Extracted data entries
==*==

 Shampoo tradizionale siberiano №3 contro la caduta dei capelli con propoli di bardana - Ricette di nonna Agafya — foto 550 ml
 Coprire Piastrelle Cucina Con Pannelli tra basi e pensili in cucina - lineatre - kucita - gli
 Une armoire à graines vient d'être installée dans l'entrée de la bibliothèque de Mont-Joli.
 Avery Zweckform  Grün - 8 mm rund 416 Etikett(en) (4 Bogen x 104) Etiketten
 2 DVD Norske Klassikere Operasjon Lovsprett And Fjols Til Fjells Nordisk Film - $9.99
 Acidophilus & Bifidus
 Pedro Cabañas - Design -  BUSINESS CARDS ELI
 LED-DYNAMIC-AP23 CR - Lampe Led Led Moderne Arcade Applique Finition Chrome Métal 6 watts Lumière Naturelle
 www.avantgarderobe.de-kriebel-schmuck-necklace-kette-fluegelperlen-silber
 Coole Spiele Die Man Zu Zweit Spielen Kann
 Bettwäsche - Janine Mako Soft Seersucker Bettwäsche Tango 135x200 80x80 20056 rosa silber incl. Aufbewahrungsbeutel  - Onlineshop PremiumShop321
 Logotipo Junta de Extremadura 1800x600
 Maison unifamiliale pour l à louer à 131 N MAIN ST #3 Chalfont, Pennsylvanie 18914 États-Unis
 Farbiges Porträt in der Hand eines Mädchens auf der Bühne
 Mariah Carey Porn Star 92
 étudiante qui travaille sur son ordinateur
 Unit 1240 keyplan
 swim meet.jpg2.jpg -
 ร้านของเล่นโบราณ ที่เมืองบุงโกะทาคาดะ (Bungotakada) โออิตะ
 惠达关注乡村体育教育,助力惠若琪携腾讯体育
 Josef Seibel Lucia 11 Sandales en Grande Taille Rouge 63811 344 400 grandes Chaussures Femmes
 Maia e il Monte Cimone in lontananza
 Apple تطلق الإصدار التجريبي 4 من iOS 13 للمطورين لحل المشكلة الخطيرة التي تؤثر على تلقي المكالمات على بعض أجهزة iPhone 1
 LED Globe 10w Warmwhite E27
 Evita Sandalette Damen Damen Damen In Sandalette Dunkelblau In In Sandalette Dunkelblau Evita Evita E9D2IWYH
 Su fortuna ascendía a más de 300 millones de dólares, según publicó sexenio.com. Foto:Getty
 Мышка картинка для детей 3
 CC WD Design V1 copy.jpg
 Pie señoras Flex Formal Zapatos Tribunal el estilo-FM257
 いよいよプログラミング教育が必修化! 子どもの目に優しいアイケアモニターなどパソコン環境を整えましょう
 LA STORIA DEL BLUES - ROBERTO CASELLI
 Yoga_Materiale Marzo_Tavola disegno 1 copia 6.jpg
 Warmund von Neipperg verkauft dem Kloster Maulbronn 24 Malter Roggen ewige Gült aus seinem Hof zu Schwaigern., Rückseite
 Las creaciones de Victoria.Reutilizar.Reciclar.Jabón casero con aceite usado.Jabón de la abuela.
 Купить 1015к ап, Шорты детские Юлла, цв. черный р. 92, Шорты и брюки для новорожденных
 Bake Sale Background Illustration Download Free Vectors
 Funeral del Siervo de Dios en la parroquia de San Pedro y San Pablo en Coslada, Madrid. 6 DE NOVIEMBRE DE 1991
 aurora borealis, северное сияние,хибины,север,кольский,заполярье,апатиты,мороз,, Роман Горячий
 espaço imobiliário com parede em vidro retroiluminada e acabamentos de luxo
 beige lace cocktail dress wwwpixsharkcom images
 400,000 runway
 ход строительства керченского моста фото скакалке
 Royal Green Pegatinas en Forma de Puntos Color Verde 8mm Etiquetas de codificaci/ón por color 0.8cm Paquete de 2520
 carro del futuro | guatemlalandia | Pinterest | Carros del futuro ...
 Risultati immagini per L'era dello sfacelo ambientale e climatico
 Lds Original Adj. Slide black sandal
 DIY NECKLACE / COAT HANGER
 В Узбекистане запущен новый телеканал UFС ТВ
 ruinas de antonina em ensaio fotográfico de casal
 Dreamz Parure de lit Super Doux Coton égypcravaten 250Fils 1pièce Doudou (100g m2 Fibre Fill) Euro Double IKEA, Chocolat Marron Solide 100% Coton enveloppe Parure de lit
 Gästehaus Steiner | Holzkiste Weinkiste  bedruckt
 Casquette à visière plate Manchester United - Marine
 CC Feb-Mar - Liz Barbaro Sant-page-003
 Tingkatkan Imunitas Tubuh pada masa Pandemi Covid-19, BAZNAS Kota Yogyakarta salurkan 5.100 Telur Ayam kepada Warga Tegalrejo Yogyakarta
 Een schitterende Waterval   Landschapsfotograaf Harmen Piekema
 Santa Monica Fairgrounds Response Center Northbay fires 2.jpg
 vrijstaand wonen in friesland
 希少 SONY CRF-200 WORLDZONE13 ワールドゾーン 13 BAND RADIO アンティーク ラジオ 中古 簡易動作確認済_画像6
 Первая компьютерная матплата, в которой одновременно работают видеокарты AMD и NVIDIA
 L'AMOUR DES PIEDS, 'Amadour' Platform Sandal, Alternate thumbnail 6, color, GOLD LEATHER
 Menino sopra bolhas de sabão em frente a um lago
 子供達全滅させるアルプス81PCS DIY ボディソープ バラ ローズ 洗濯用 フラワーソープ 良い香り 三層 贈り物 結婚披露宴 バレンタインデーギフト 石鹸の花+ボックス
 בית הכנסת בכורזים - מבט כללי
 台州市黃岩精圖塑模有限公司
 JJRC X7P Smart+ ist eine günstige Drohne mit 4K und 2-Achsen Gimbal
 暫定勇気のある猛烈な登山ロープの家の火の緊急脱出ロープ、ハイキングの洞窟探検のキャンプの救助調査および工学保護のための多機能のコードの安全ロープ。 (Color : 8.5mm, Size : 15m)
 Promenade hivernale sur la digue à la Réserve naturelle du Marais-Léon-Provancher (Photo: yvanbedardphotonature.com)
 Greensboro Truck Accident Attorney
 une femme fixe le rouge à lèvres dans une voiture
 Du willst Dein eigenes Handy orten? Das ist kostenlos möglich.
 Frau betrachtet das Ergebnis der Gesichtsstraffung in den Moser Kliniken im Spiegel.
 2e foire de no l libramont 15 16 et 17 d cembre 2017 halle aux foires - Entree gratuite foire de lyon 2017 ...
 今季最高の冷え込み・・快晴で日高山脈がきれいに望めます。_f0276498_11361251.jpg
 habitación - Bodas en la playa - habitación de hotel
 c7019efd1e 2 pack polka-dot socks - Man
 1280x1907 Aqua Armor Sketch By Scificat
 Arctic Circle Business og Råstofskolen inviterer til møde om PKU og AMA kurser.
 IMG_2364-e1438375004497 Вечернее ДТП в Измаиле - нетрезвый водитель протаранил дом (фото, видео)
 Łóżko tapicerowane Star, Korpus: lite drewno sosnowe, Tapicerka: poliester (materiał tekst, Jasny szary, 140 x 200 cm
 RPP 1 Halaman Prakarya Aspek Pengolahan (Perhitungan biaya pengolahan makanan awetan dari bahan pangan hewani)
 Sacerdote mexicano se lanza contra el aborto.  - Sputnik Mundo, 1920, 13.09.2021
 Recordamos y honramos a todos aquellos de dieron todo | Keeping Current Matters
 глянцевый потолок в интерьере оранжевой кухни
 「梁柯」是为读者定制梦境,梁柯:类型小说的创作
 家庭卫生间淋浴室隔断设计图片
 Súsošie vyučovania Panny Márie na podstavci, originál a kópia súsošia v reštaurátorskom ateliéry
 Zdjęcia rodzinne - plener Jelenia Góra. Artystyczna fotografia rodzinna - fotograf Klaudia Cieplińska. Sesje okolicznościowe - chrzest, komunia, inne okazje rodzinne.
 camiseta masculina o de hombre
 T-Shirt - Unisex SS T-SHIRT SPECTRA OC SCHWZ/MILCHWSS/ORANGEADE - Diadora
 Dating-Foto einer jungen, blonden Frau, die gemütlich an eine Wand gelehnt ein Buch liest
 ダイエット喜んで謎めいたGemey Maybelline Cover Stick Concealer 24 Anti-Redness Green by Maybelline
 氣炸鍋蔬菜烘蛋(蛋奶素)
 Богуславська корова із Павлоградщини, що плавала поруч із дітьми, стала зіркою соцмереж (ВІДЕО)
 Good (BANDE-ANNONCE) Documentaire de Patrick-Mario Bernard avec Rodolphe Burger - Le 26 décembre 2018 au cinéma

==*==

[Work instructions]
Your reply should be one number: how many lines in the entries above contain the word "Design".

[Solved exercise]
2